Plochg Thomas, Delnoij Diana M J, Hoogedoorn Nelleke P C, Klazinga Niek S
Department of Social Medicine, Academic Medical Centre, University of Amsterdam, PO Box 22660, 1100 DD, Amsterdam, The Netherlands.
BMC Health Serv Res. 2006 Mar 20;6:37. doi: 10.1186/1472-6963-6-37.
To improve health-care delivery, care providers must base their services on community health needs and create a seamless continuum of care in which these needs can be met. Though, it is not obvious that providers apply this vision. Experiments with regulated competition in the health systems of many industrialized countries trigger providers to optimize individual organizational goals rather than improve population health from a community perspective. Thus, a tension exists between the need to collaborate and the need to compete.
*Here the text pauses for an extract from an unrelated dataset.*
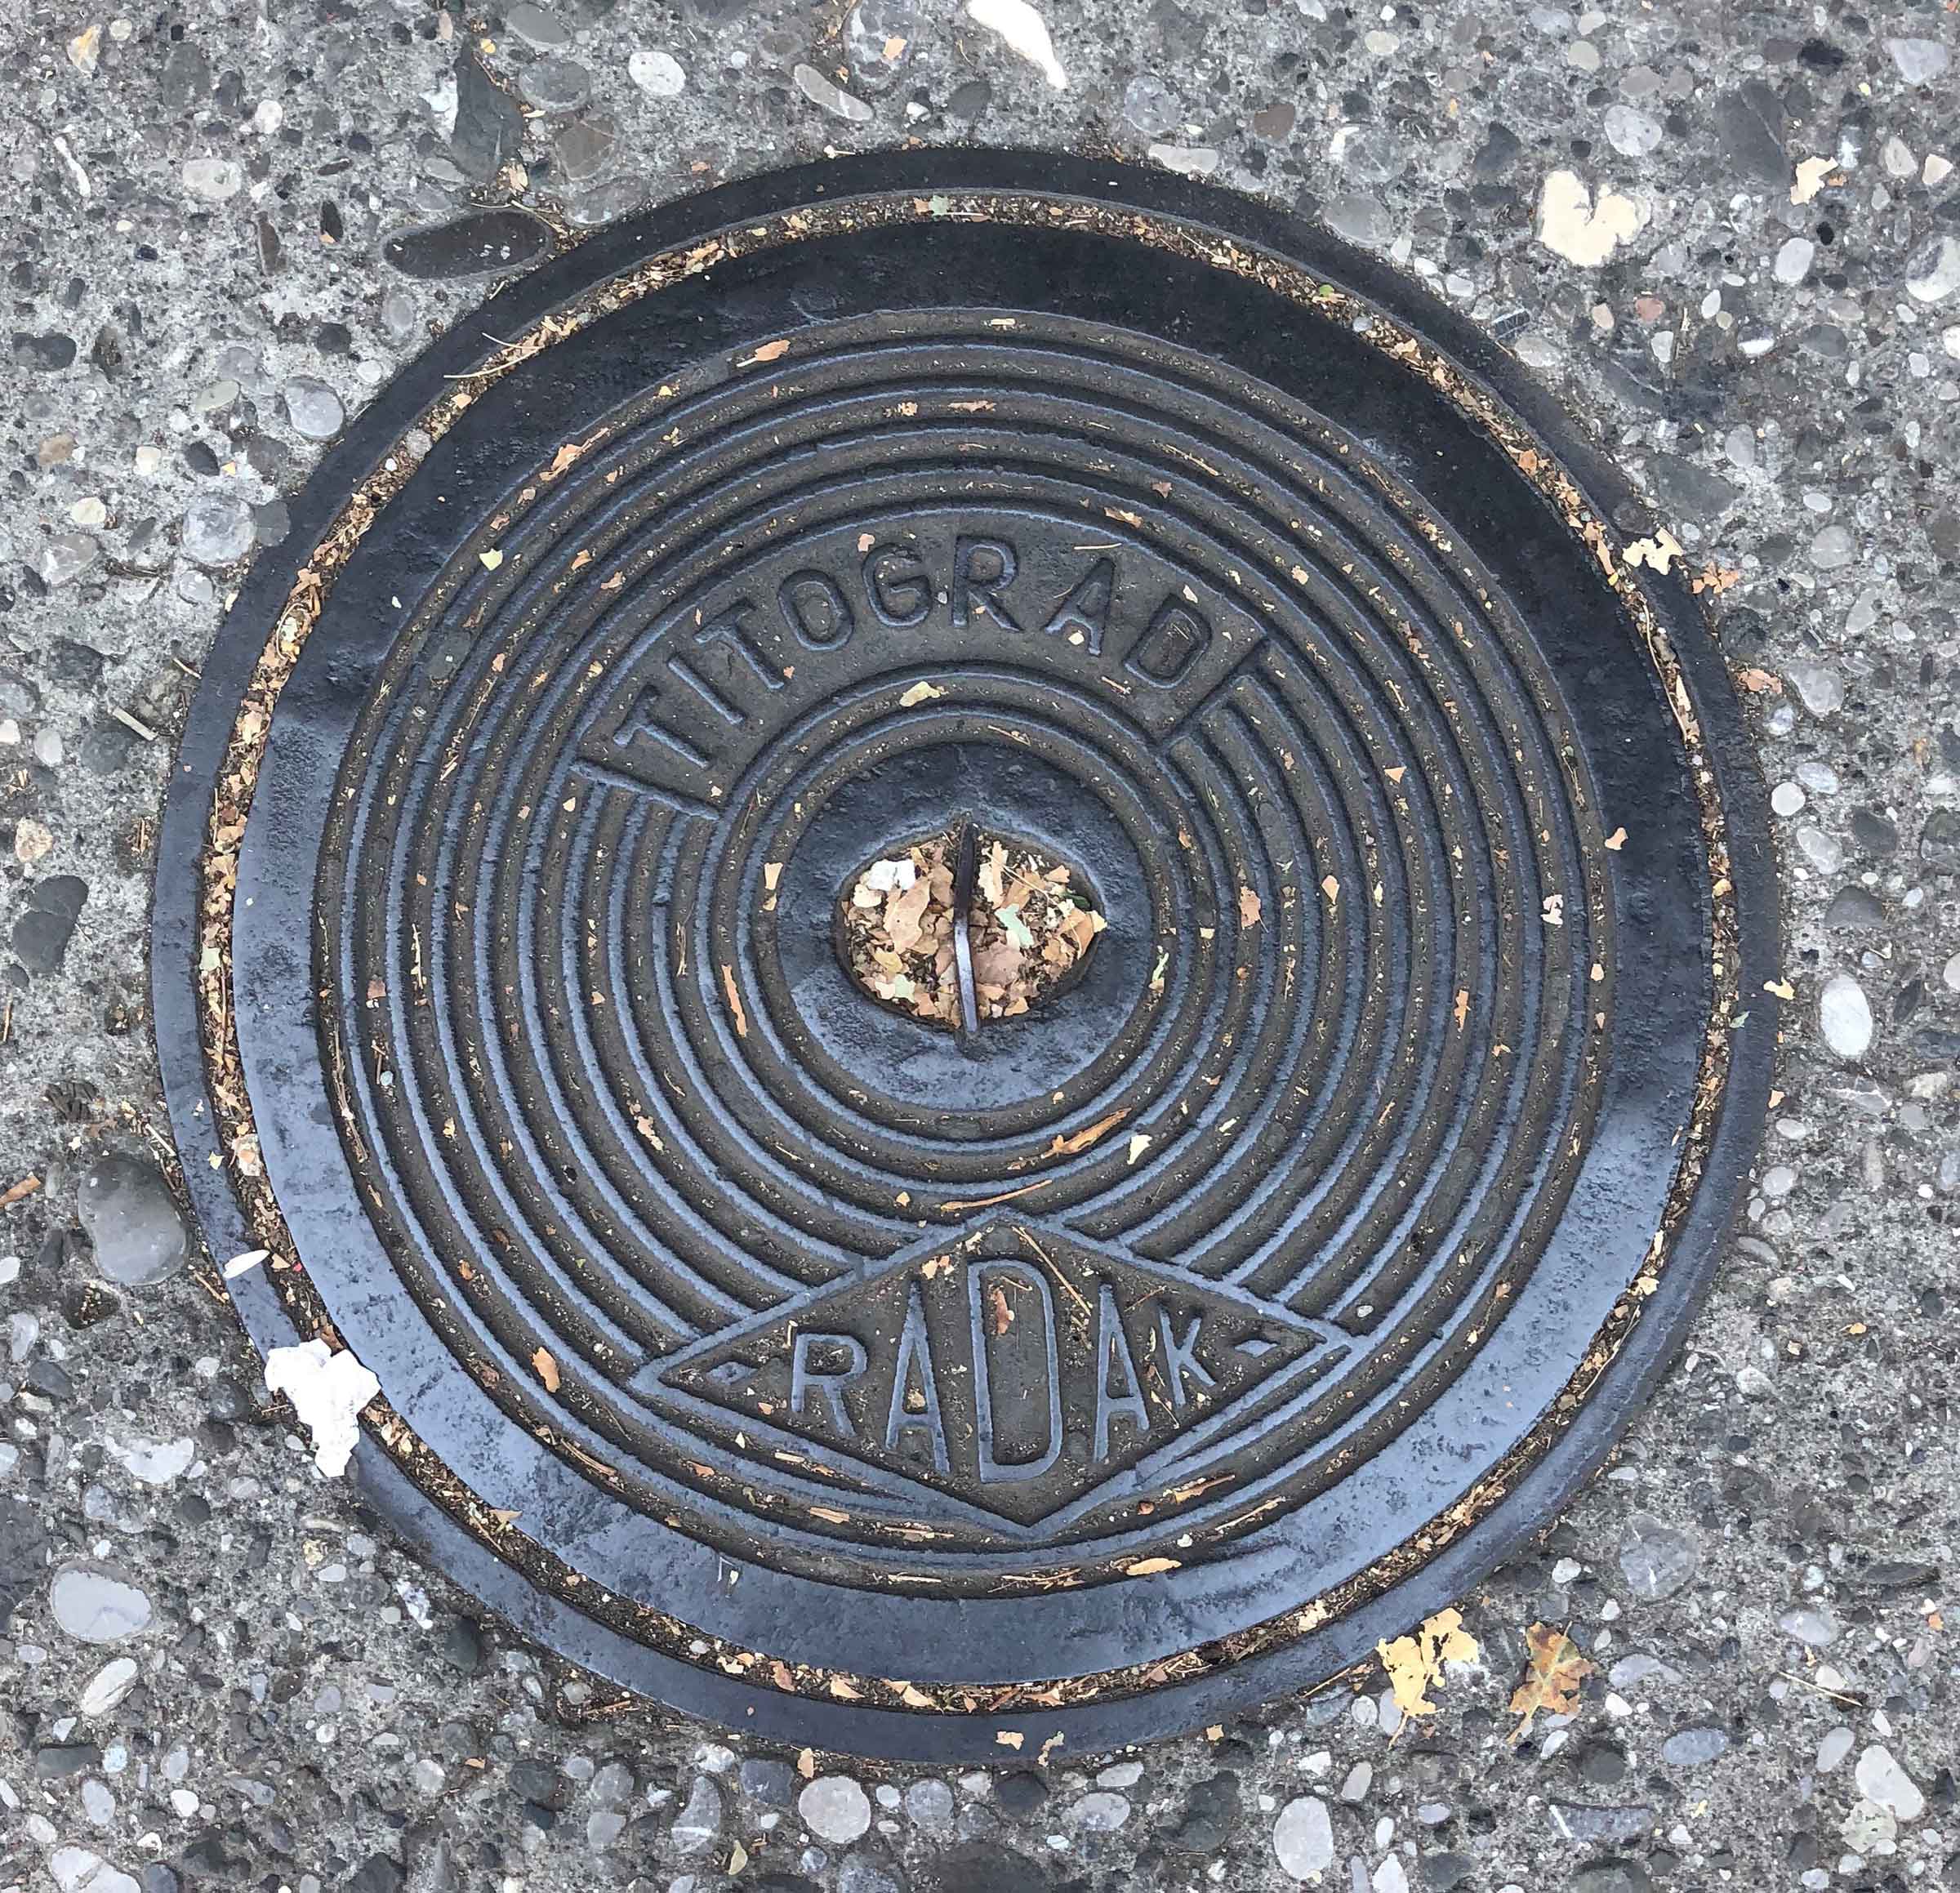 “Titograd” manhole cover
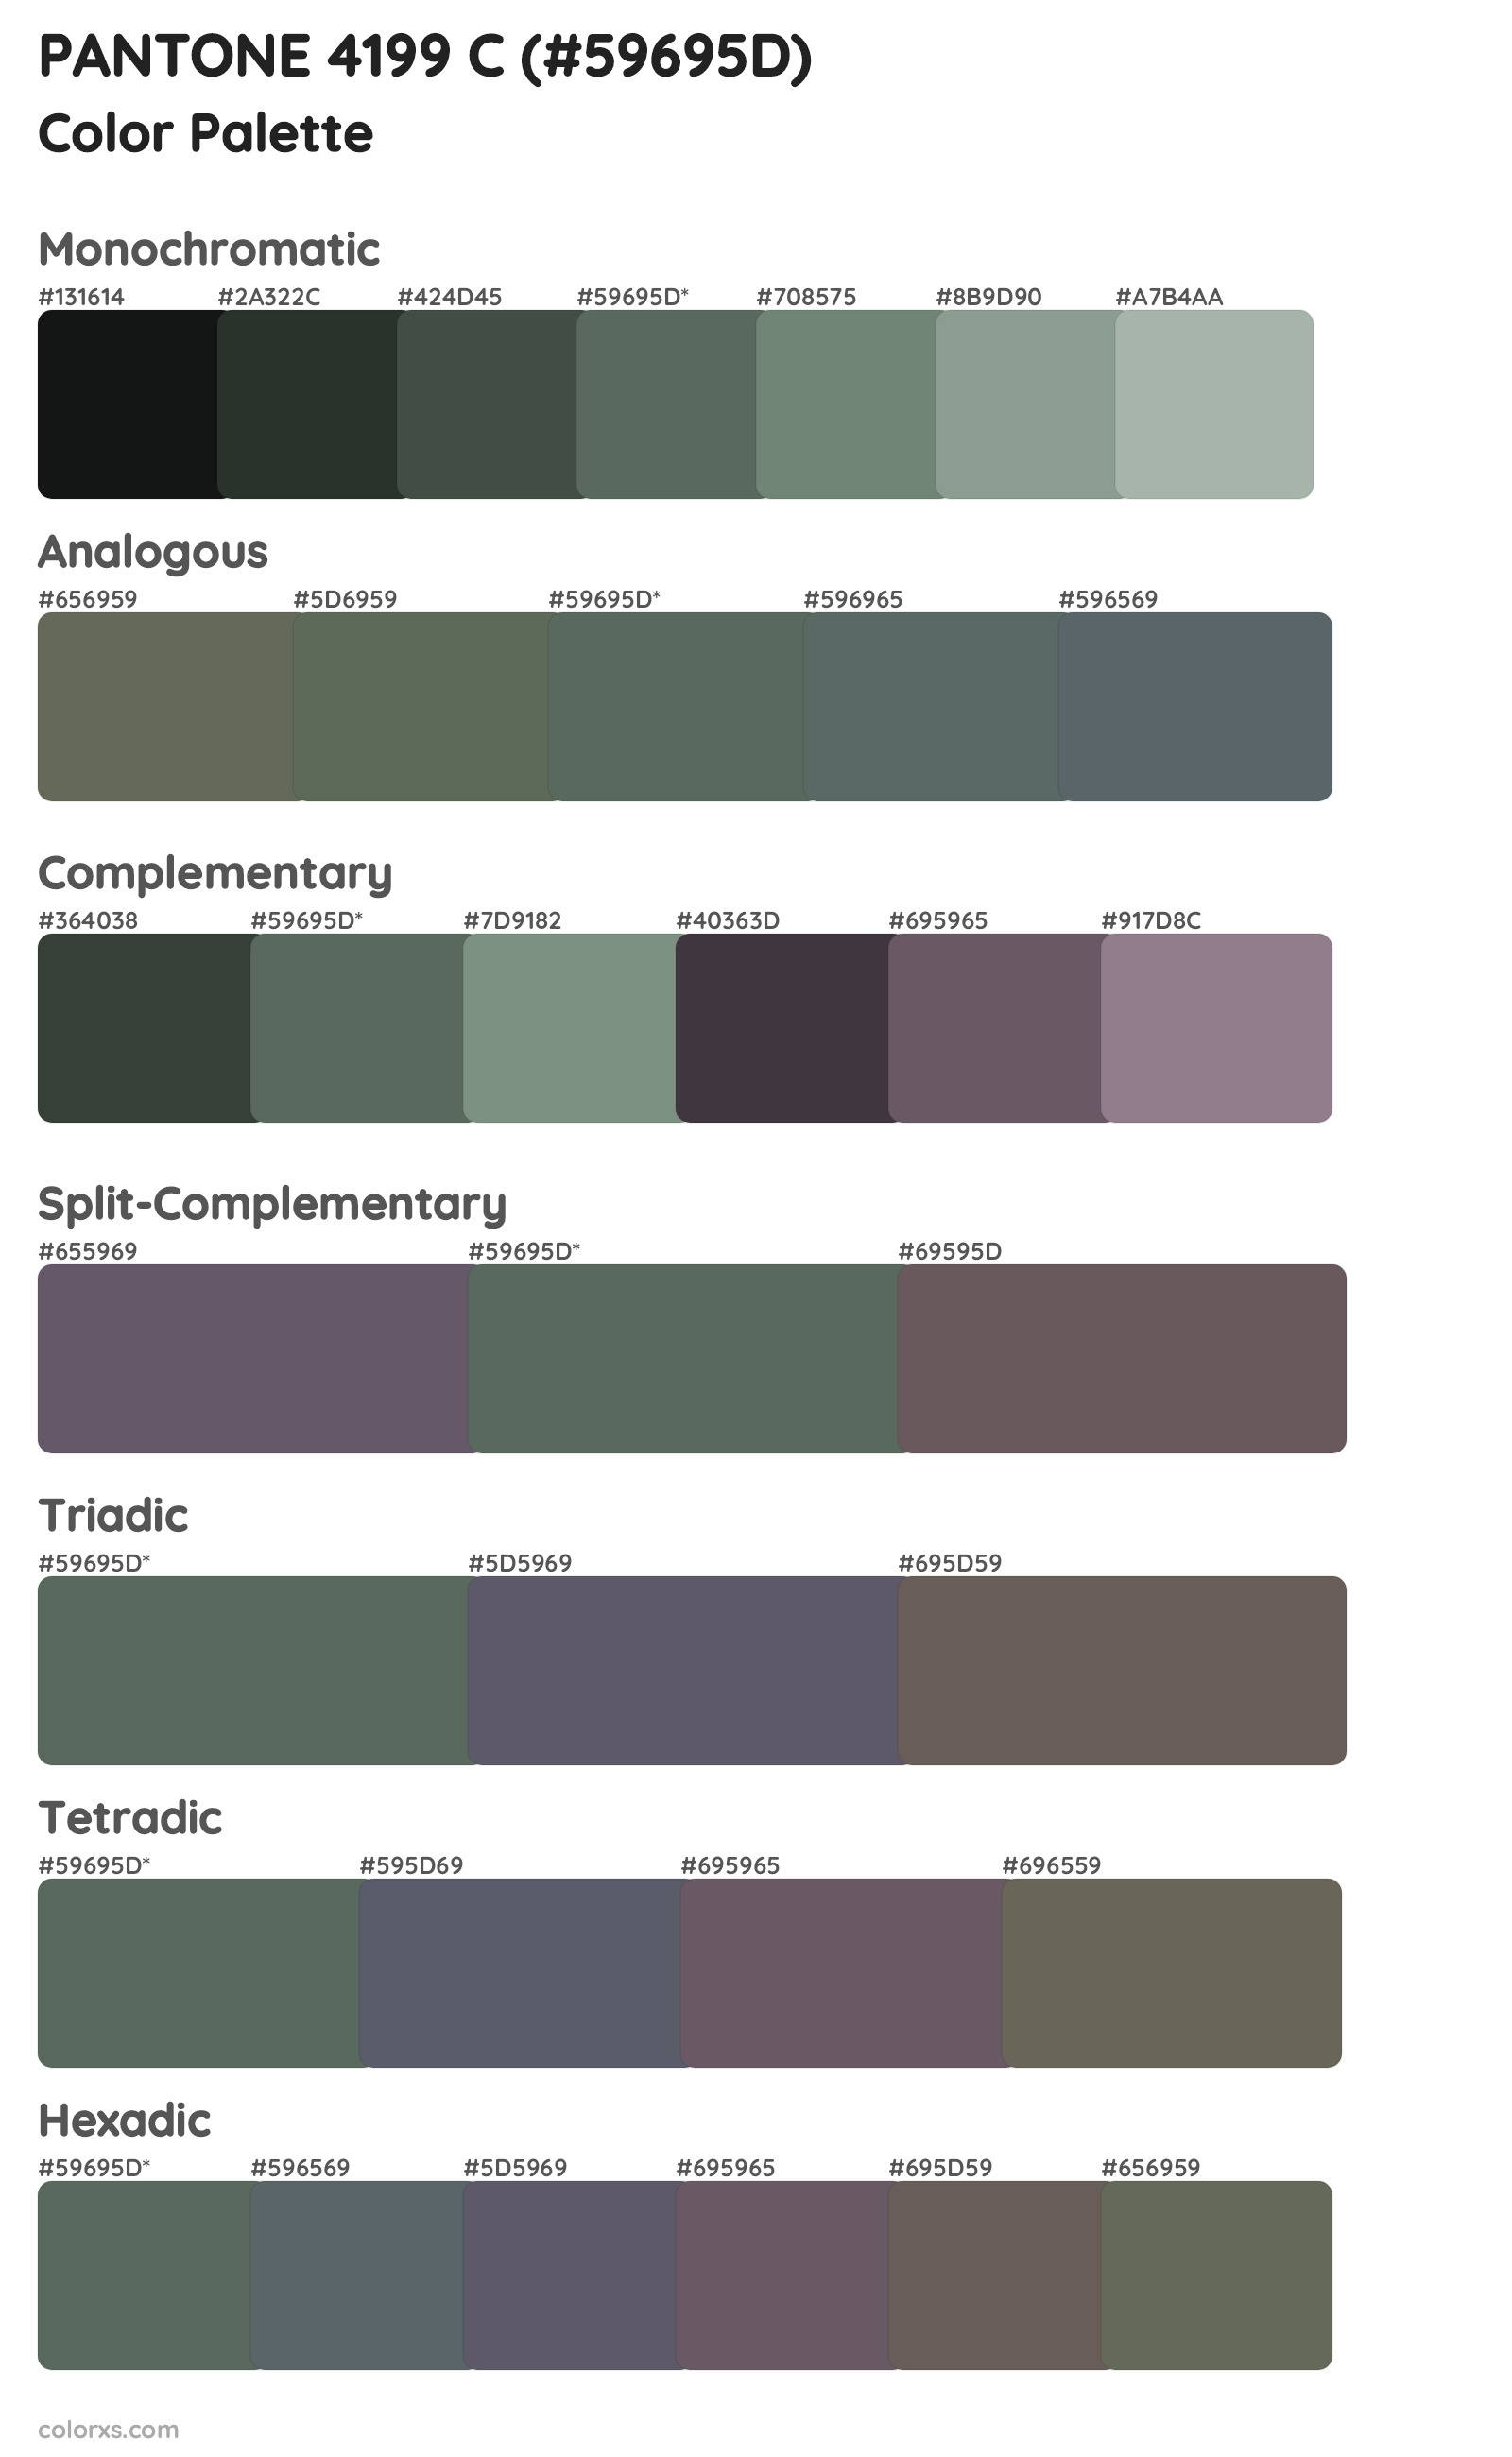 PANTONE 4199 C Color Scheme Palettes

Despite or because of this tension, community health partnerships are being promoted, and this should enforce a needs-based and integrated care delivery.
In this single case study, we retrospectively explored how local health-care providers in Amsterdam collaborated for more than 30 years, interacting with the changes to the national health-care system. In-depth analysis of interviews, documents and literature focused on the complex relationship between the activities of this health partnership, its nature and its changing context.
The findings revealed that the partnership itself was successful and sustainable over time, although the partnership lost its initial broad explorative nature and narrowed its strategic focus towards care of the elderly. Furthermore, the realized projects--although they enforced integrated care--lost their community-based character. This declining scope of community-based integrated care seems to have been influenced by the incremental introduction of regulated competition in Dutch health care. This casts doubts on the ability of health partnerships to apply a vision of community-based integrated care within the context of competition.
Collaborating health-care providers can build seamless continuums of care in a competitive environment, although these will not automatically maximize community health with limited resources. Active policies with regard to health system design, incentive structures and population-based performance measures are warranted in order to insure that community-based integrated care through health partnerships will be more than just policy rhetoric.
为改善医疗服务的提供,医疗服务提供者必须依据社区健康需求来开展服务,并创建一个无缝的连续护理体系,以满足这些需求。然而,医疗服务提供者是否践行这一理念并不明确。许多工业化国家医疗系统中开展的规范竞争实验促使医疗服务提供者去优化个体组织目标,而非从社区角度改善人群健康。因此,在合作需求与竞争需求之间存在着矛盾。尽管存在或正是由于这种矛盾,社区健康伙伴关系仍在得到推广,这应该会强化基于需求的综合护理服务。
在这个单案例研究中,我们回顾性地探究了阿姆斯特丹当地的医疗服务提供者如何在30多年的时间里进行合作,并与国家医疗系统的变革相互作用。通过对访谈、文件和文献的深入分析,聚焦于这种健康伙伴关系的活动、其性质及其不断变化的背景之间的复杂关系。
研究结果表明,尽管该伙伴关系失去了其最初广泛的探索性质,并将战略重点缩小到老年护理方面,但随着时间的推移,该伙伴关系本身是成功且可持续的。此外,已实施的项目——尽管它们强化了综合护理——却失去了其基于社区的性质。这种基于社区的综合护理范围的缩小似乎受到了荷兰医疗保健中逐步引入规范竞争的影响。这使人对健康伙伴关系在竞争背景下应用基于社区的综合护理理念的能力产生怀疑。
合作的医疗服务提供者可以在竞争环境中构建无缝的连续护理体系,尽管这些体系不会在资源有限的情况下自动实现社区健康最大化。有必要制定关于医疗系统设计、激励机制和基于人群的绩效衡量的积极政策,以确保通过健康伙伴关系实现的基于社区的综合护理不仅仅是政策口号。